━━ Source material ━━

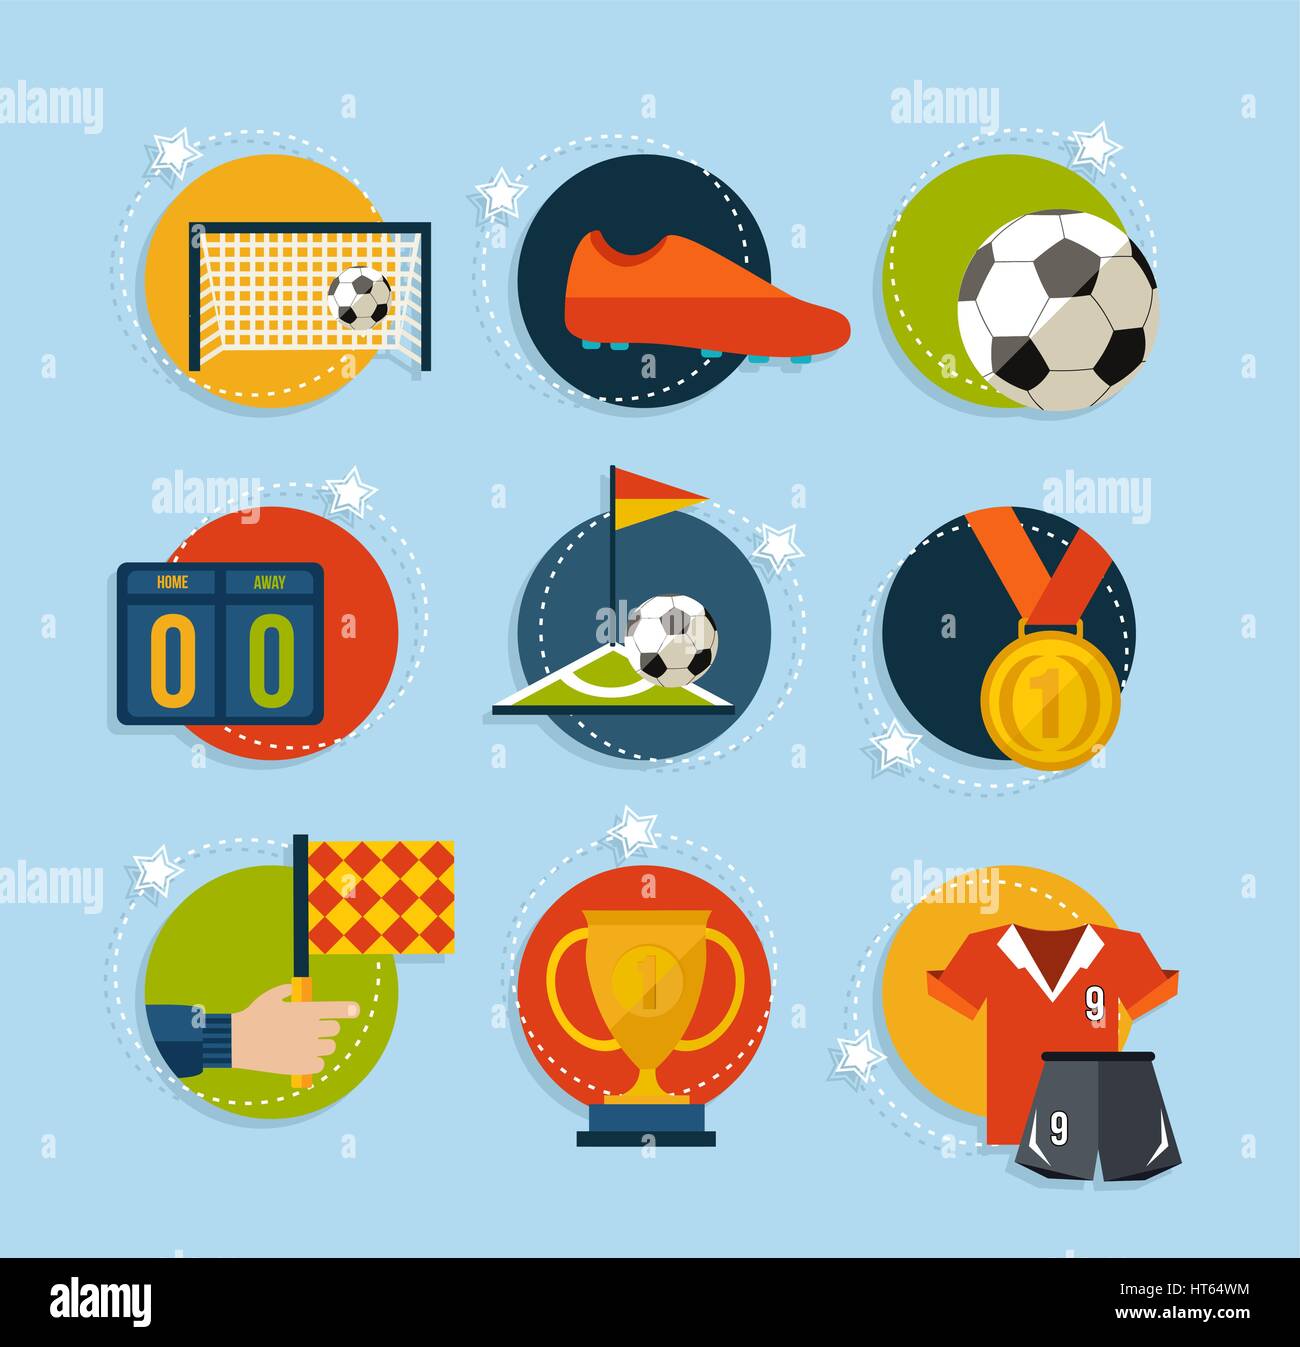 Fußball-Kultur-flache Icon-Set. Sport-Elemente für Football-Spiel, Ball, Schuhe, Champion Cup und mehr enthält. EPS10 Vektor. Stock Vektor
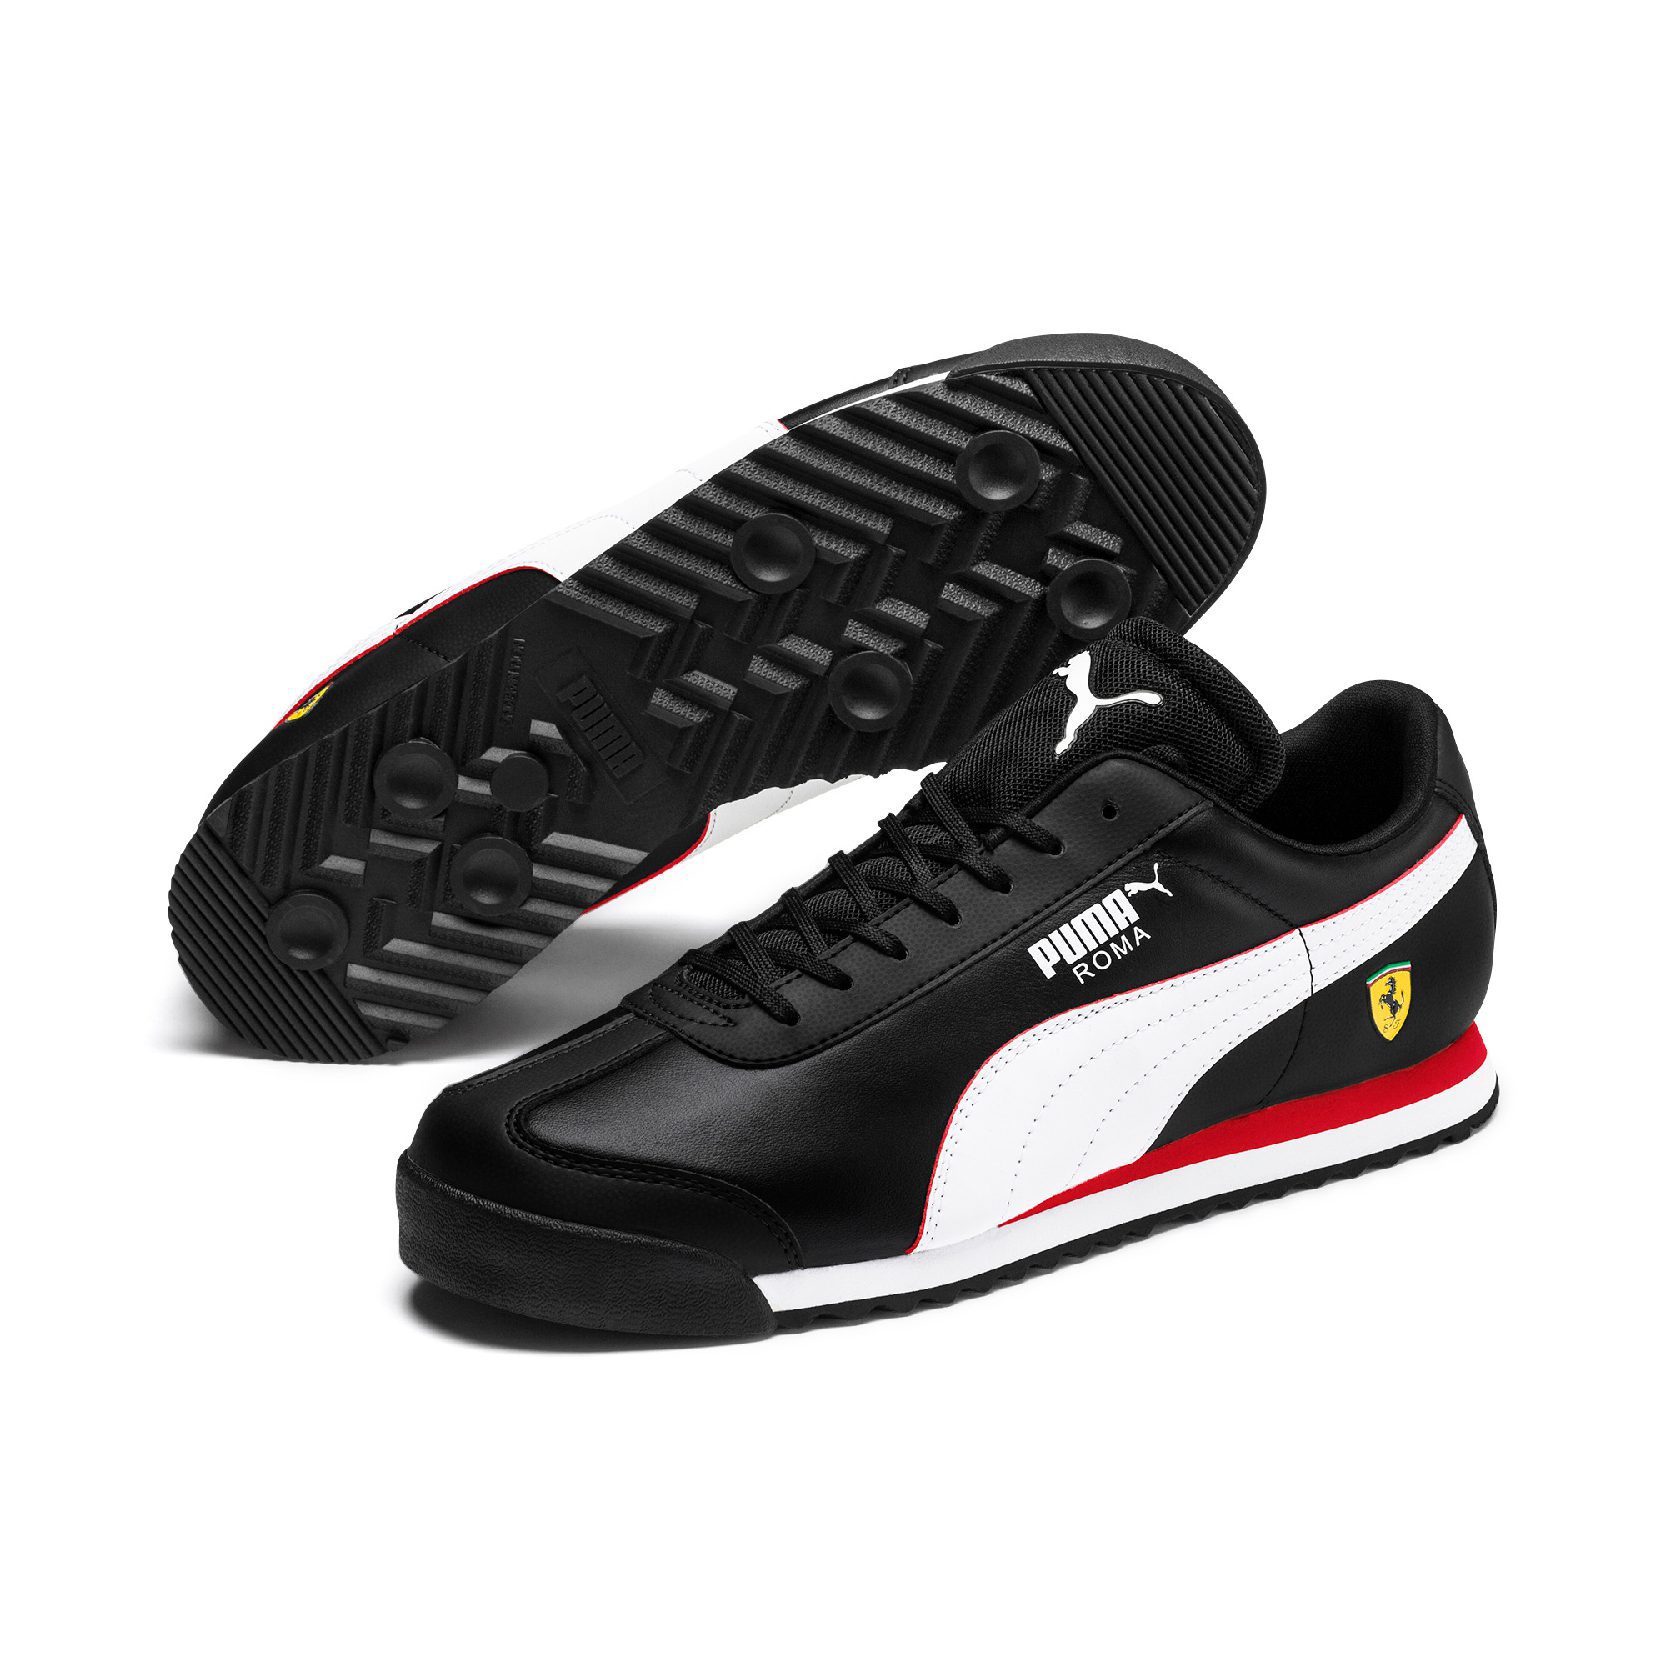 Puma Men's Scuderia Ferrari Roma Black/White/Rosso Corsa Sneakers ...
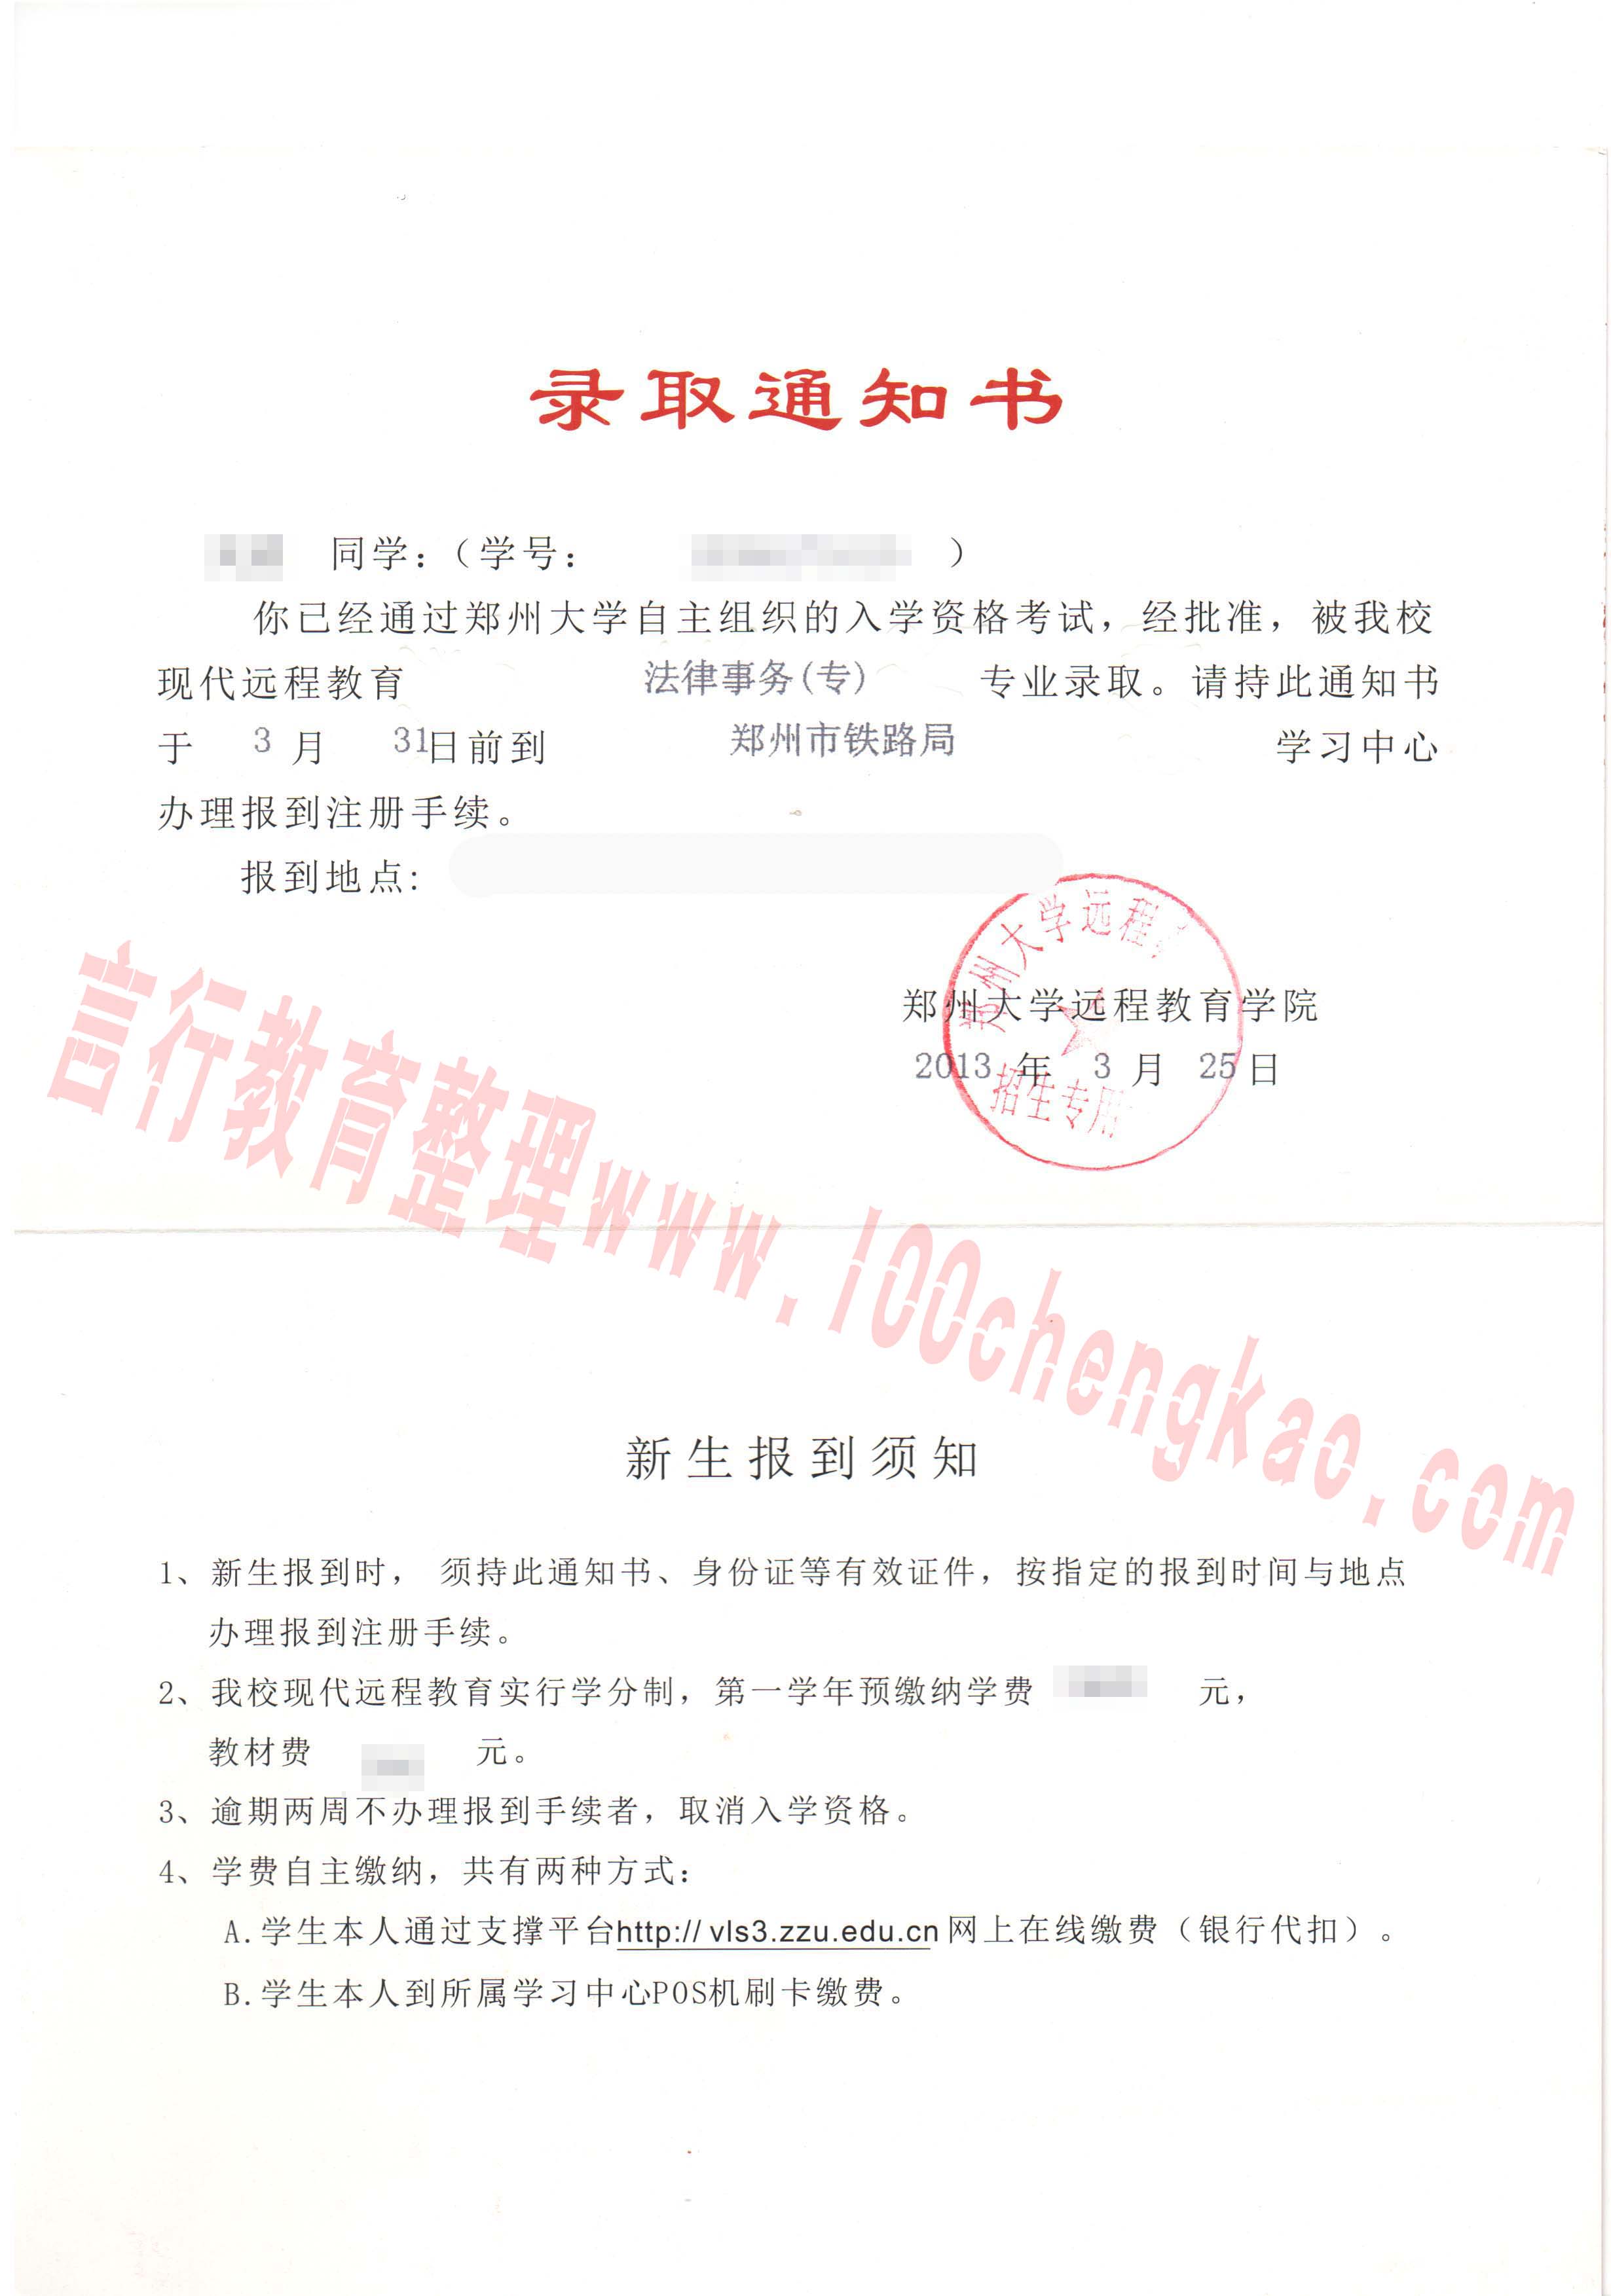 郑州大学远程教育录取通知书样本-2内页.jpg

━━━

Omit the pictures, then copy out all the data exactly as it stands.

 Fußball-Kultur-flache Icon-Set. Sport-Elemente für Football-Spiel, Ball, Schuhe, Champion Cup und mehr enthält. EPS10 Vektor. Stock Vektor
 Puma Men's Scuderia Ferrari Roma Black/White/Rosso Corsa Sneakers ...
 郑州大学远程教育录取通知书样本-2内页.jpg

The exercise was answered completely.